How Branding can Impact a Simple White T-shirt?

When you are shopping for clothes you see a lot of varieties of the same clothing item, right? A shirt made from a different material, with a different price or from a different brand. Why do you pay for T-shirt X a much different price than for T-shirt Y?. There is more to it than only quality or production. Branding plays a big part in this question. Keep reading to find out what you can learn from these brands and their branding: Zeeman, H&M and Supreme.  


Zeeman is one of the biggest textile stores known for its budget-friendly products. What you probably didn’t know is that Zeeman won the Golden Effie in 2018; the highest reward for different and effective marketing communication. Zeeman connects ‘cheap’ and ‘quality’. The brand decided to ditch the classic outdated folders and focus on television commercials, which succeed and let to a new target audience. (Wijman, 2019)

Zeeman stays true to its own brand identity with their campaigns and is different from the other brands. Instead of creating a lot of campaigns focused on the Holidays, Zeeman chooses to create a few big campaigns a year with subjects closely related to the brand’s message, with the slogan “Zeeman. How easy can it be.” Another example is the launch of the Zeeman wedding dress for €29,99 in 2016. The campaign went viral and created a lot of free publicity for the budget-friendly brand. 

Your wedding dress doesn’t have to be the biggest expense of your life.” 

Source: Pinterest

H&M is one of the affordable clothing brands out there and a lot of people think this is because of their ‘unethical’ production in Asia. This is a big misconception about H&M and it hurts their brand image. “We don’t aim for sustainability to be a luxury thing,” says Helena Helmersson, H&M’s head of sustainability. H&M customers are becoming more critical of the use of cheap labour. This led to the second-to-last place in sustainability ranking in its biggest market Germany in 2014. The brand is proud to be Made in Bangladesh but H&M knew it was time to change their vision. (Thomasson, 2014)

H&M’s vision now contains sustainability. They launched a denim collection made with cloth recycled from used garments returned to its stores and a new “Conscious” range using bamboo, recycled polyester and organic cotton. In their newest campaign, H&M focuses on the small details that contribute to the change happening. 

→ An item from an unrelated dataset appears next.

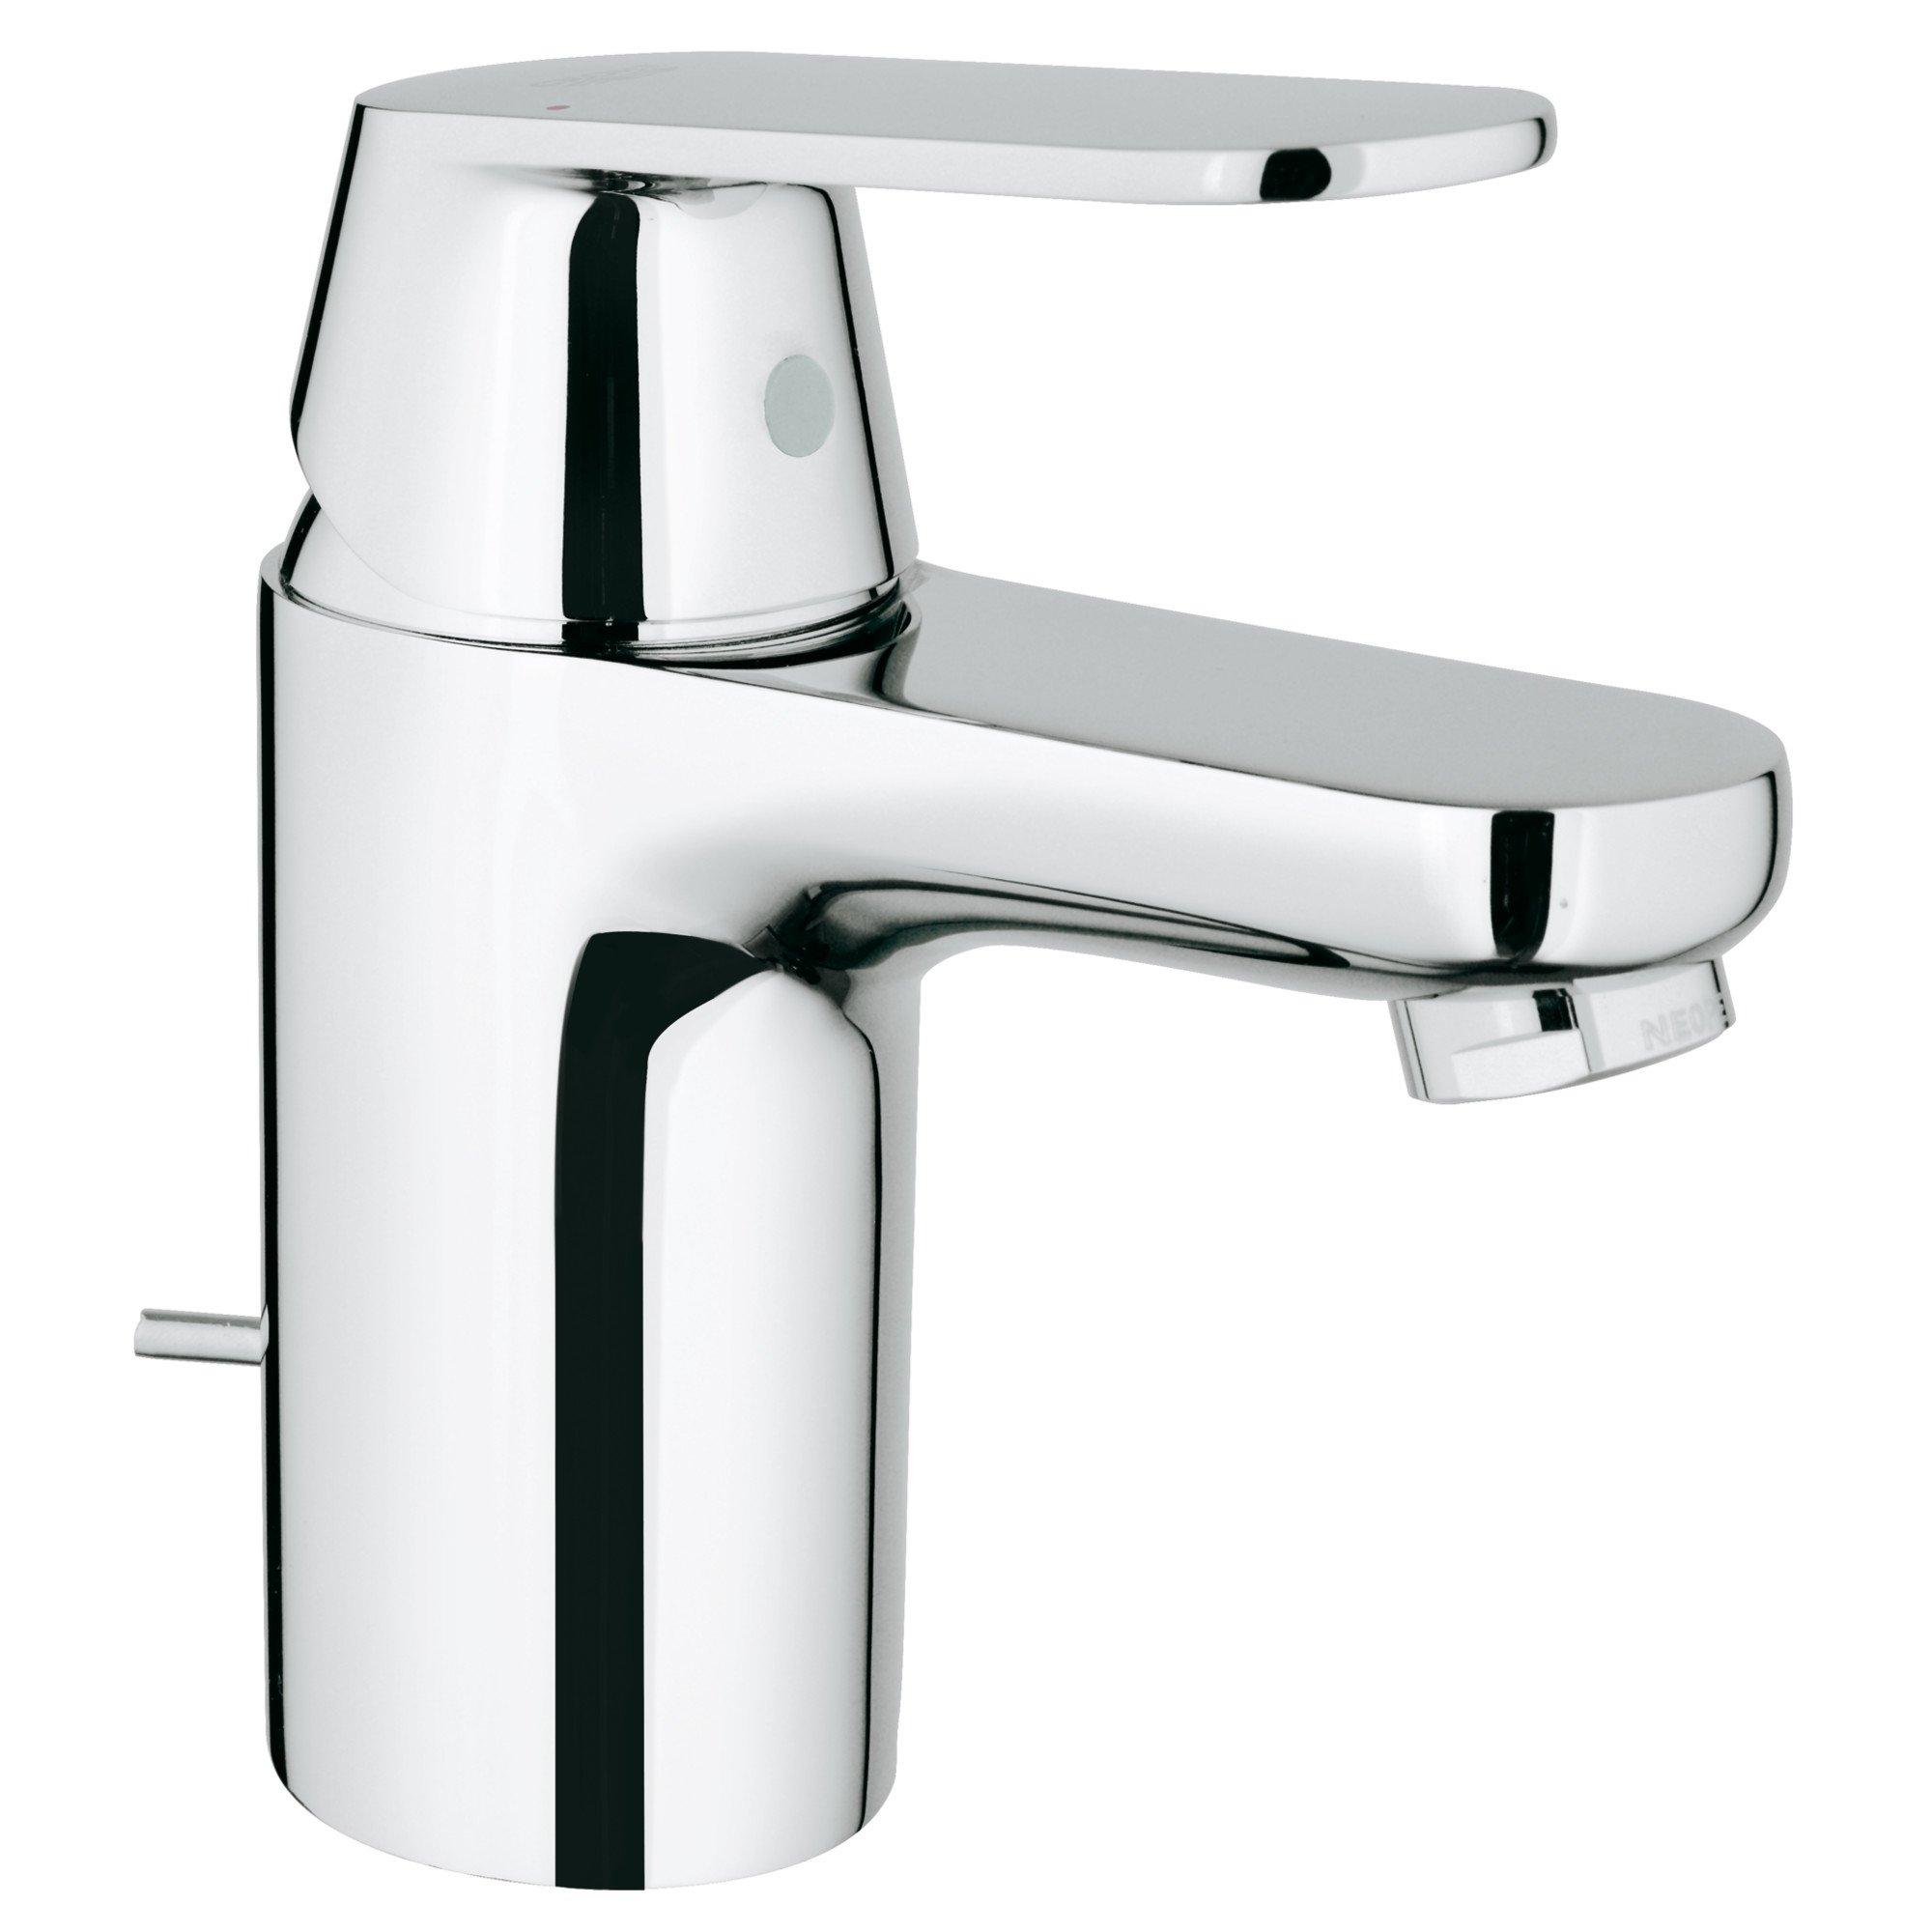 GROHE Bathroom Faucet: Amazon.ca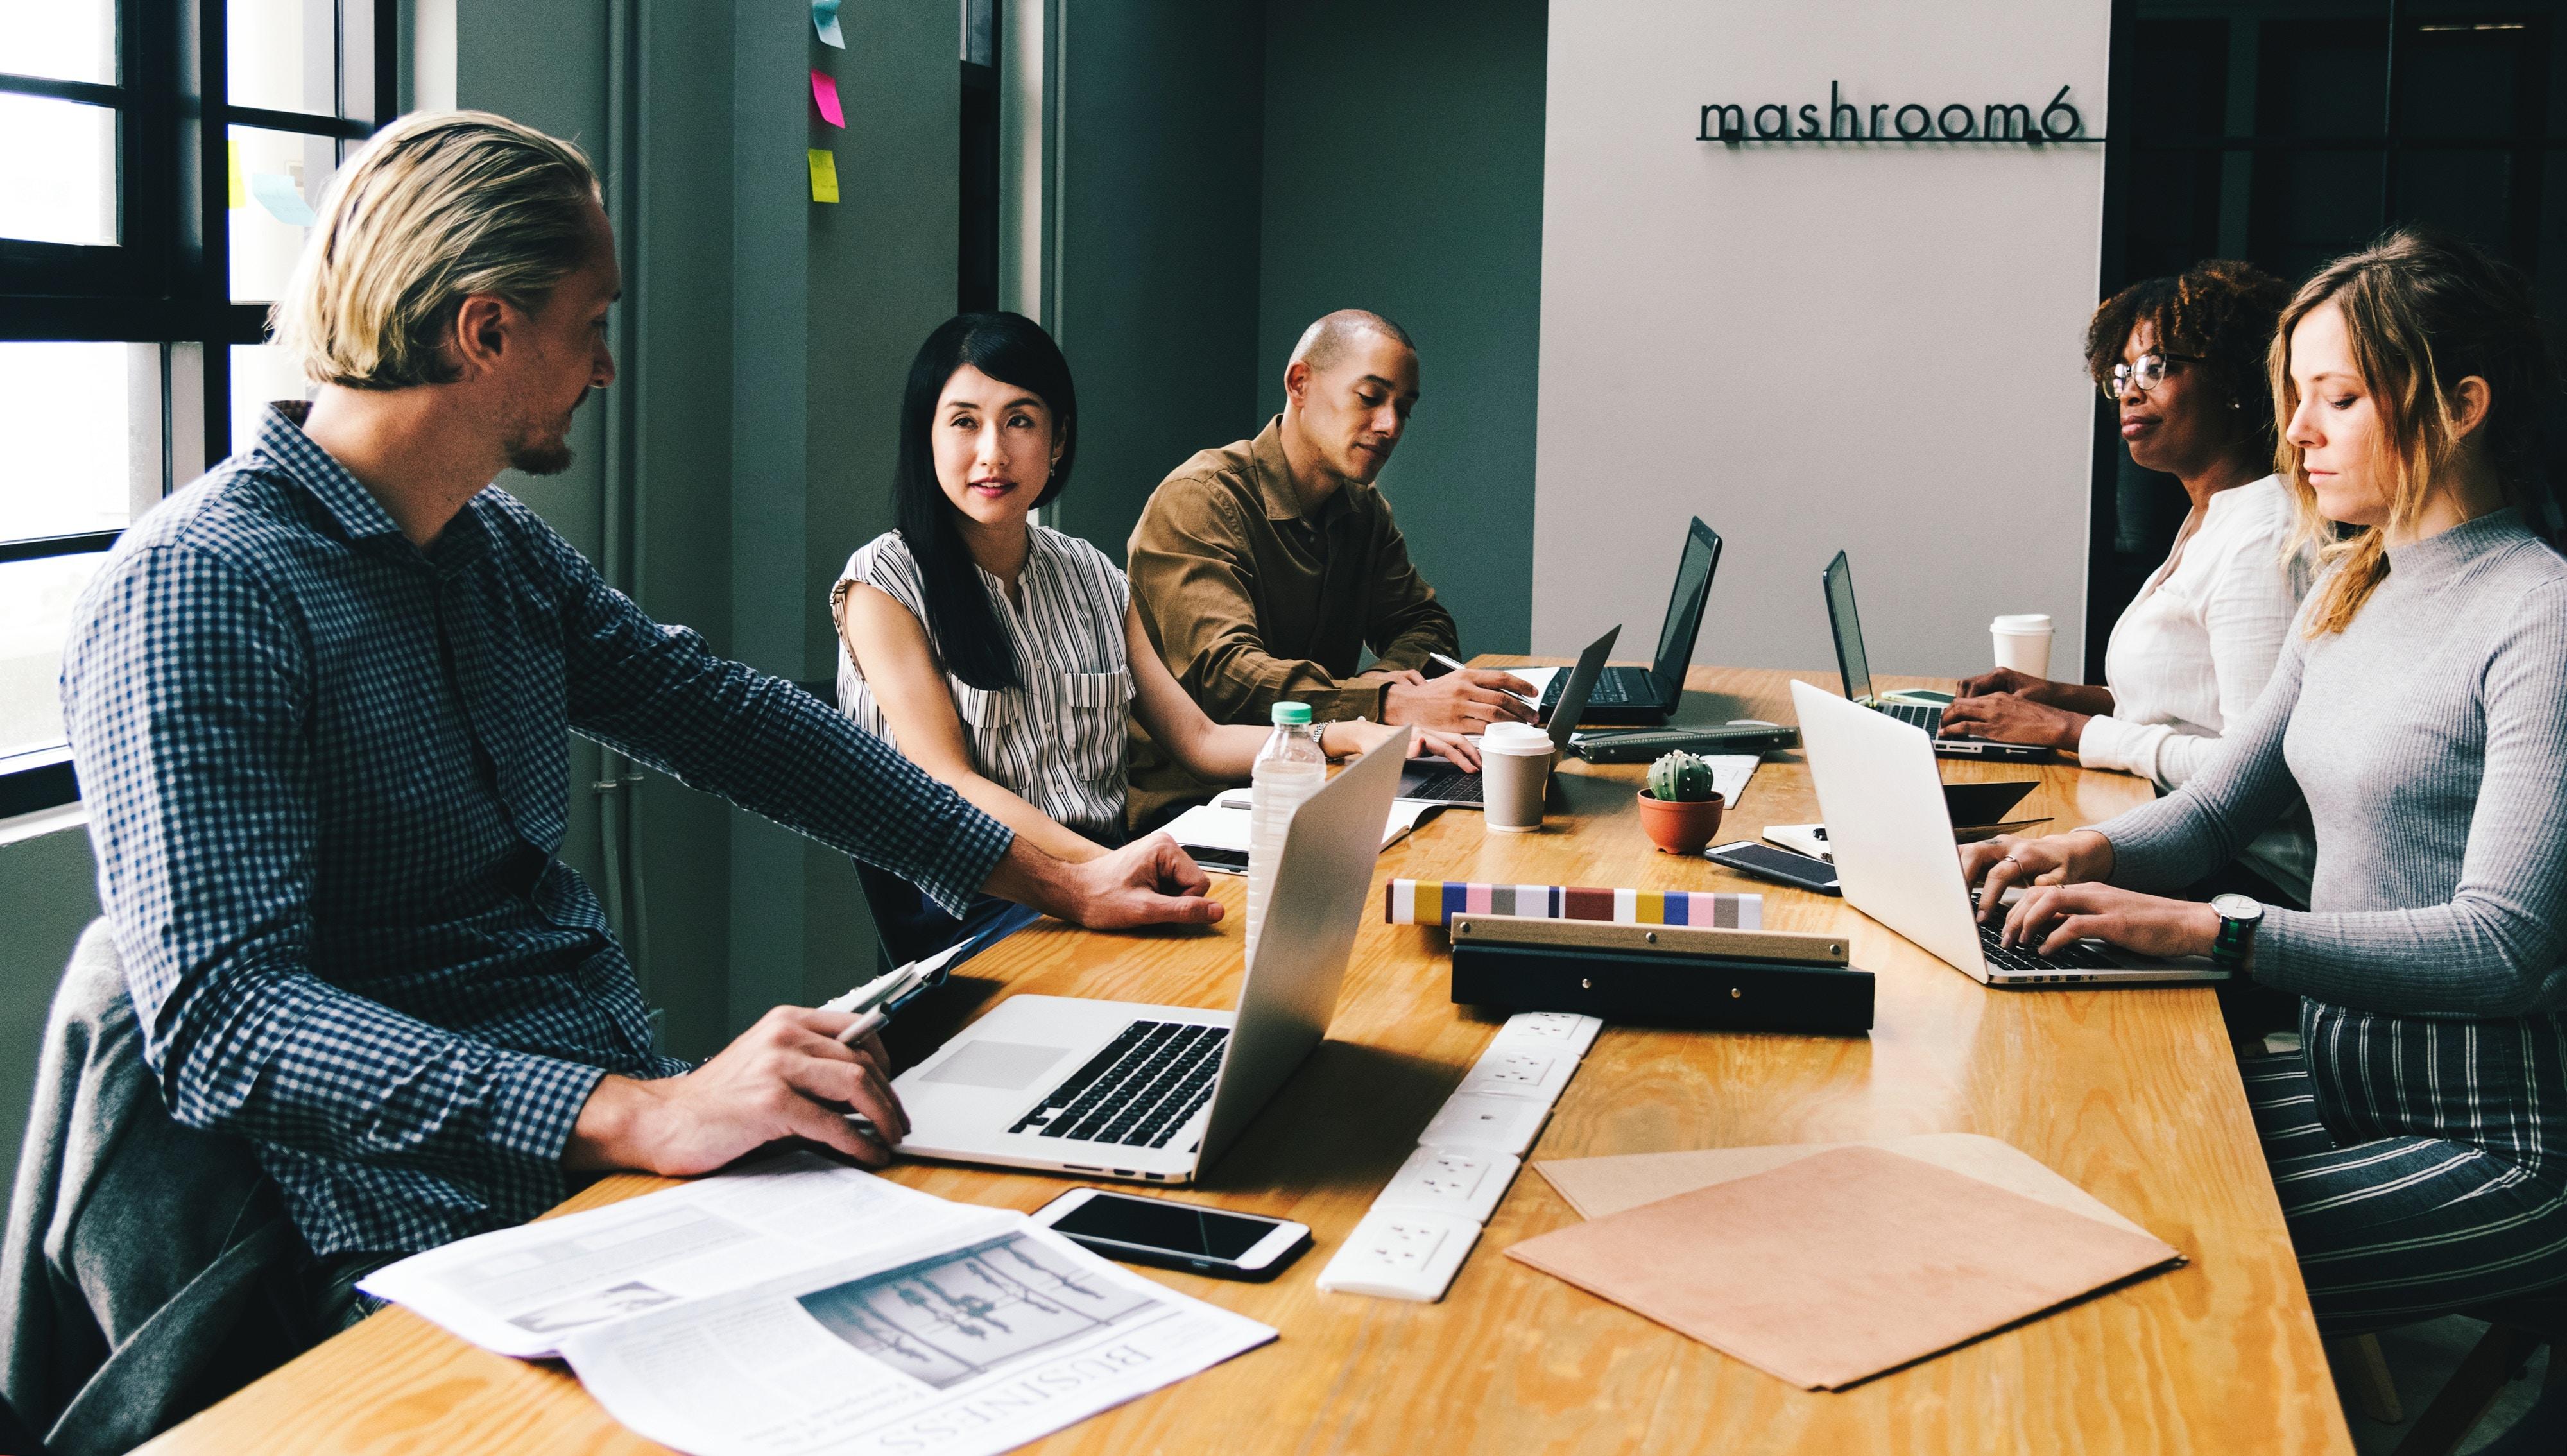 people working on desk

Supreme is one of the most exclusive streetwear brands of the moment under the 16-25-year-old men. When a new launch drops, it is sold out in a matter of seconds. Supreme created a hype around the brand through its exclusivity but that is not all there is. (Lenton, 2016) Streetwear obsessives want to impress other streetwear obsessives by wearing Supreme and its message. You should take notes from this successful brand.

By wearing Supreme, you understand the culture, the references, the celebrity, the style and the movement. Even if you don’t, everyone thinks you do anyway. You get it… whatever itis. The price too, as extortionate as it usually becomes, contributes to this attitude – “If I’m willing to throw away hundreds of dollars on a t-shirt, imagine how crazy the rest of my life must be!”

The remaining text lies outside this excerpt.